American filmmaker, artist and writer

Nahshon Dion Anderson (born April 1, 1978; previously Nahshon Ratcliff) is an American writer, filmmaker, director, producer, artist, publisher, arts advocate and a community organizer. Her work delves into themes of identity, discrimination, and violence, particularly focusing on marginalized communities. She is recognized for her contributions to creative nonfiction and community activism.

== Early life ==
Dion was born on April 1, 1978, in Altadena, California. She is an African American Louisiana Creole. Her father died at a young age. She was raised by her mother with her siblings. They were part of a Jehovah's Witness community that included her family friend and neighbor, Rodney King. In junior high school, Dion participated in the drama club and was cast in a television commercial for Chuck E. Cheese.

In 1996, she met Tupac Shakur at her senior prom who referred her to his business partner Tracy Robinson at Look Hear Sound & Vision Productions. She interned with them following graduation. While in school, she came out as a gay man. She graduated from John Muir High School. Dion attended California State University, Los Angeles for two semesters.

== Career ==

In 1998, Dion worked as an assistant to actor Stanley Bennett Clay where she helped him publish SBC Magazine focused on gay Black men.

In 2013, Dion relocated to New York City to pursue writing a memoir and nonfiction. She moved to the Bronx in 2013. Dion writes about discrimination, identity, and violence.

In 2019, she began work on a historical and educational film and documentary titled Renewed Life. It is based on her unpublished memoir of her upbringing in Los Angeles County, California and life in the Bronx.

In 2020, Dion was interviewed by writer Sheldon Pearce for Changes: An Oral History of Tupac Simon & Schuster. The book was a New Yorker writer's intimate, revealing account of Tupac Shakur's life and legacy, timed to the fiftieth anniversary of his birth and twenty-fifth anniversary of his death. Pearce, an editor and writer at The New Yorker, interviews dozens who knew Tupac throughout various phases of his life including those who have never before spoken on the record.

From 2018 through 2020, Dion interviewed LGBT writers and allies such as Jeffrey C. Stewart, Amy Heart, Gerrick Kennedy, Amber Dawn, Michael Arceneaux, Renee Bess, Darnell L. Moore, and DeRay McKesson. The articles were published online in the Lambda Literary review.

In September 2021, Dion created a tribute to Tupac, a significant figure in her journey. This was the twenty-fifth anniversary of his untimely death, and she wanted to honor his legacy.
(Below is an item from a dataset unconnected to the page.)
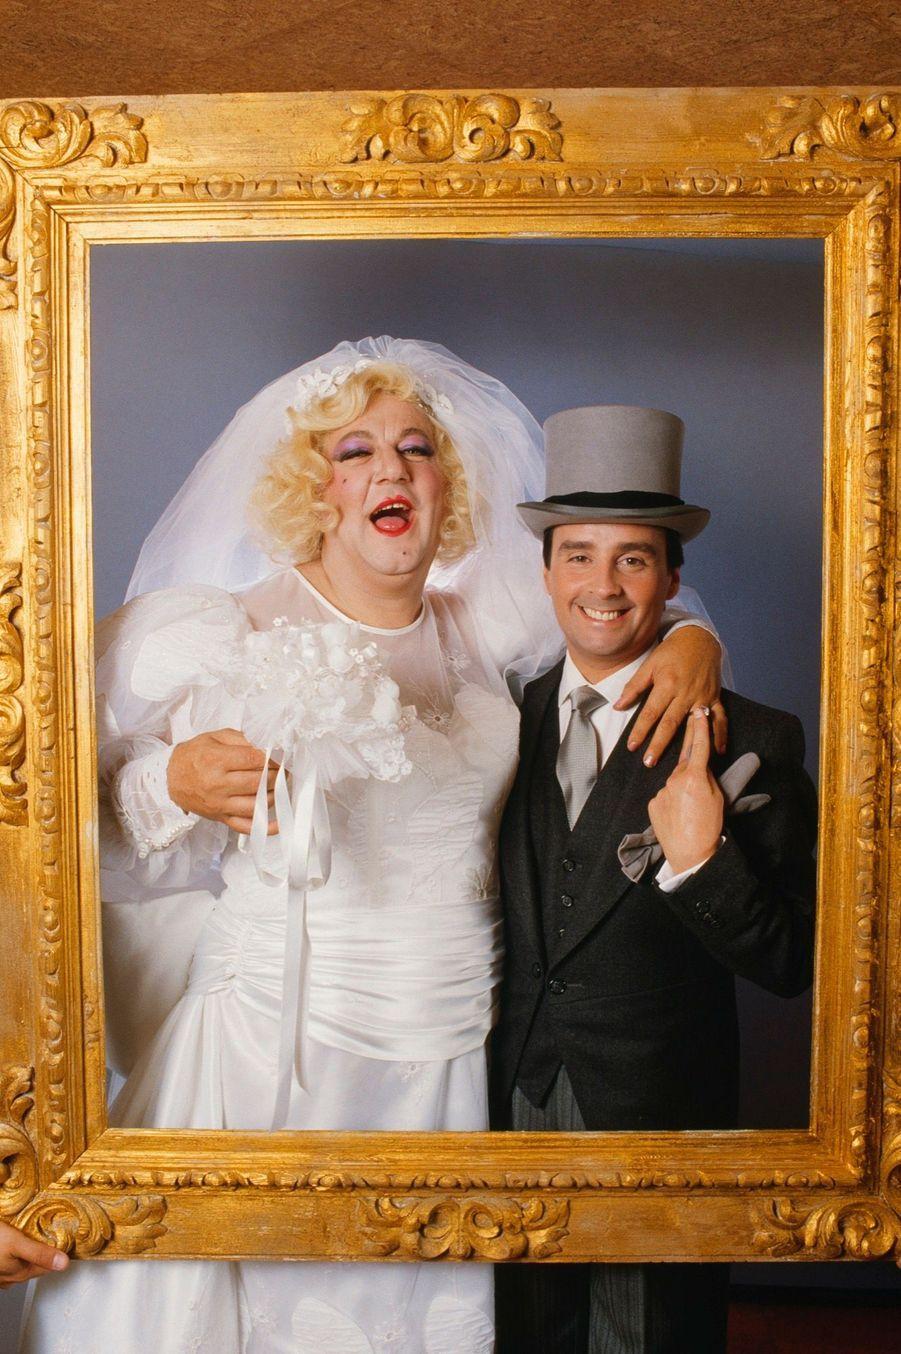 «Photo de mariage» de Coluche et Thierry Le Luron, le 25 septembre 1985.
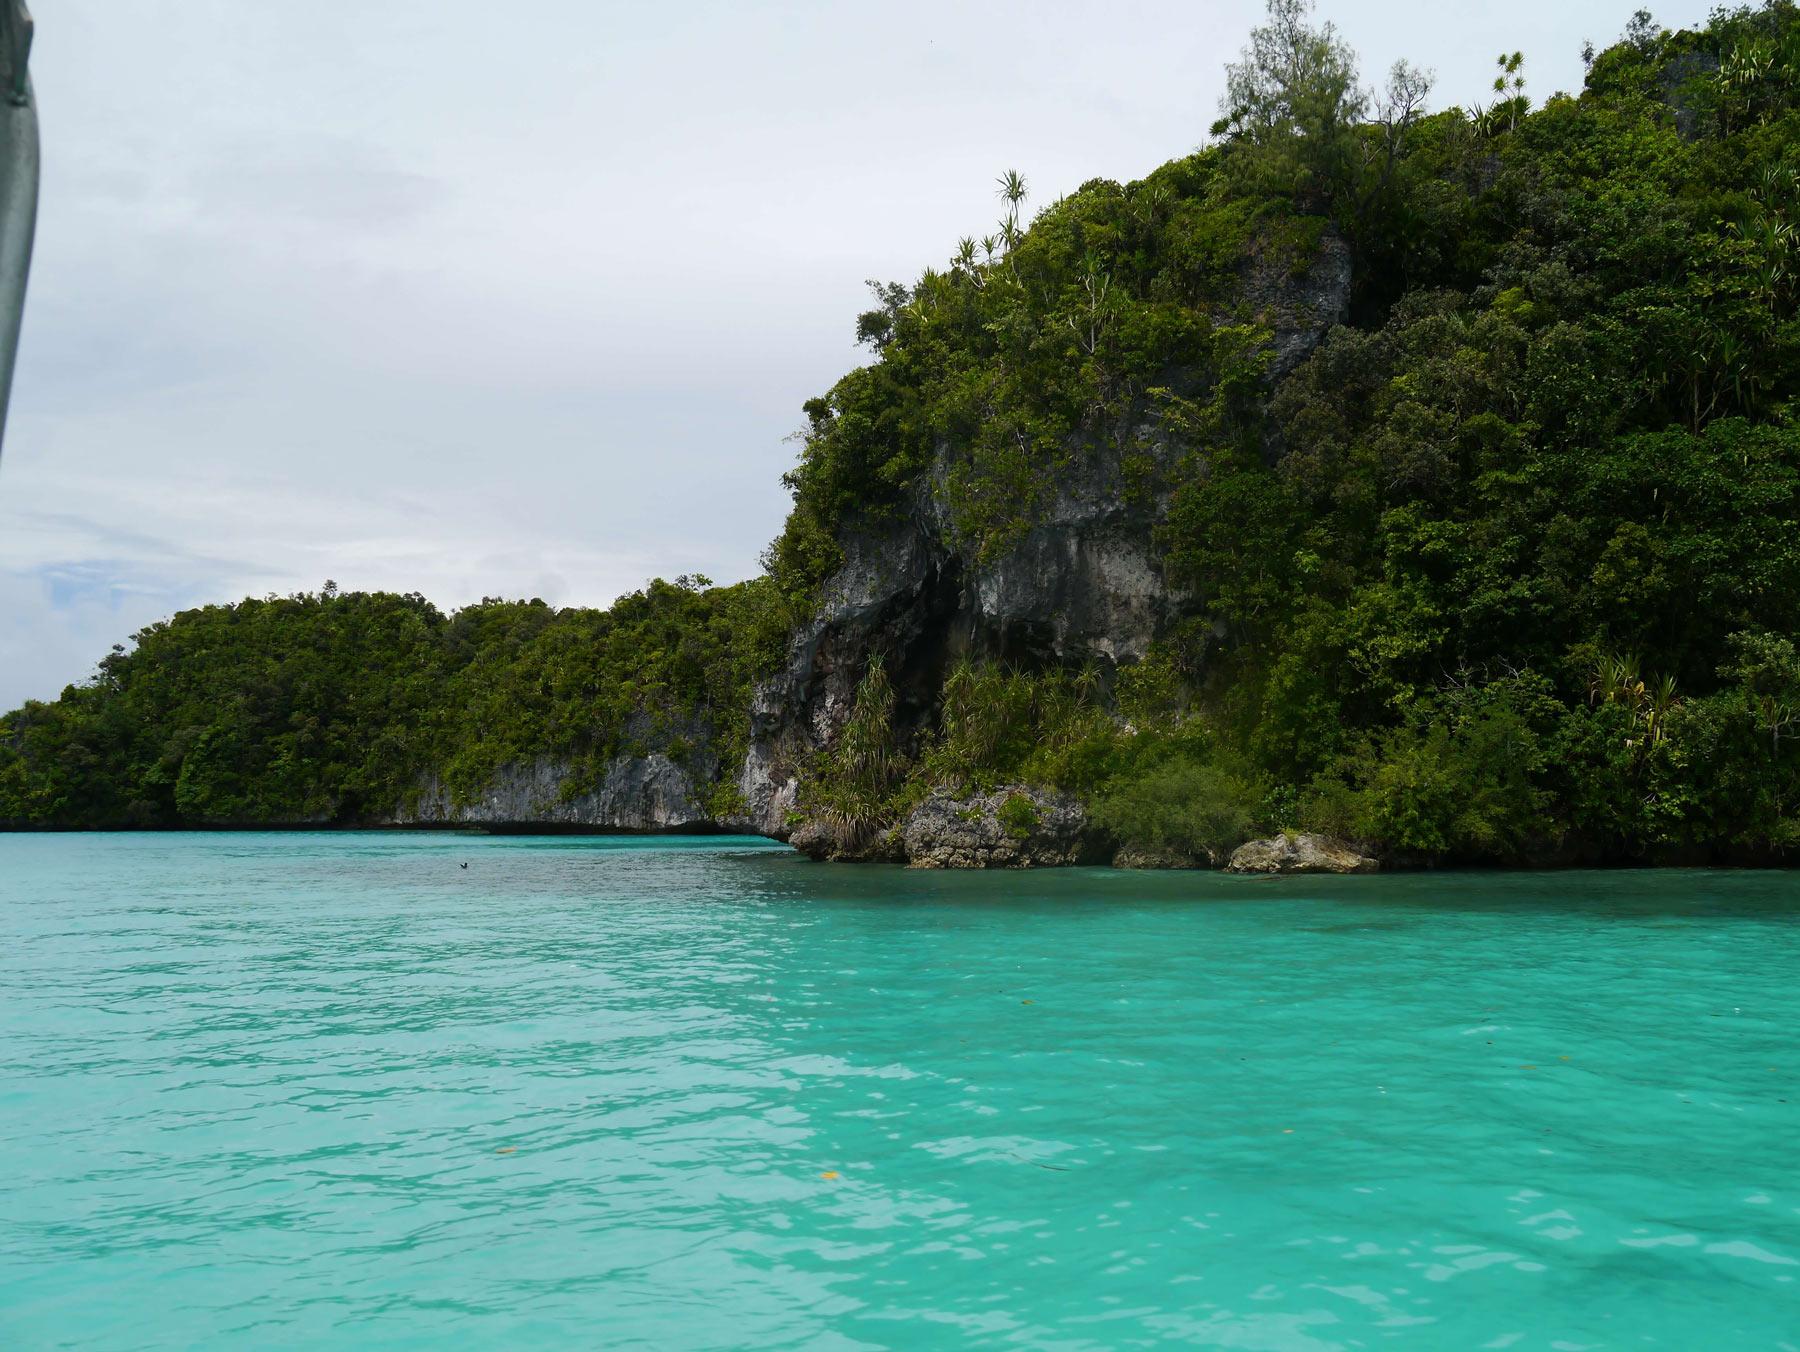 Das kristallklare, türkisfarbene Wasser im Inselparadies Palau eignet sich perfekt zum Tauchen.

She discovered the New York City Department of Cultural Affairs Artist Corps Grant, which aimed to support artists impacted by the COVID-19 pandemic. Out of three thousand applicants, Dion was one of the recipients of $5,000. With this award, she hosted a virtual event featuring Tracy D. Robinson, a producer and director, as well as Tupac's former manager and mentor Leila Steinberg, and other artists and writers. Together, they paid tribute to Tupac through readings from his poetry book The Rose That Grew from Concrete and a discussion on his lasting impact on culture and society through his words, images, and music.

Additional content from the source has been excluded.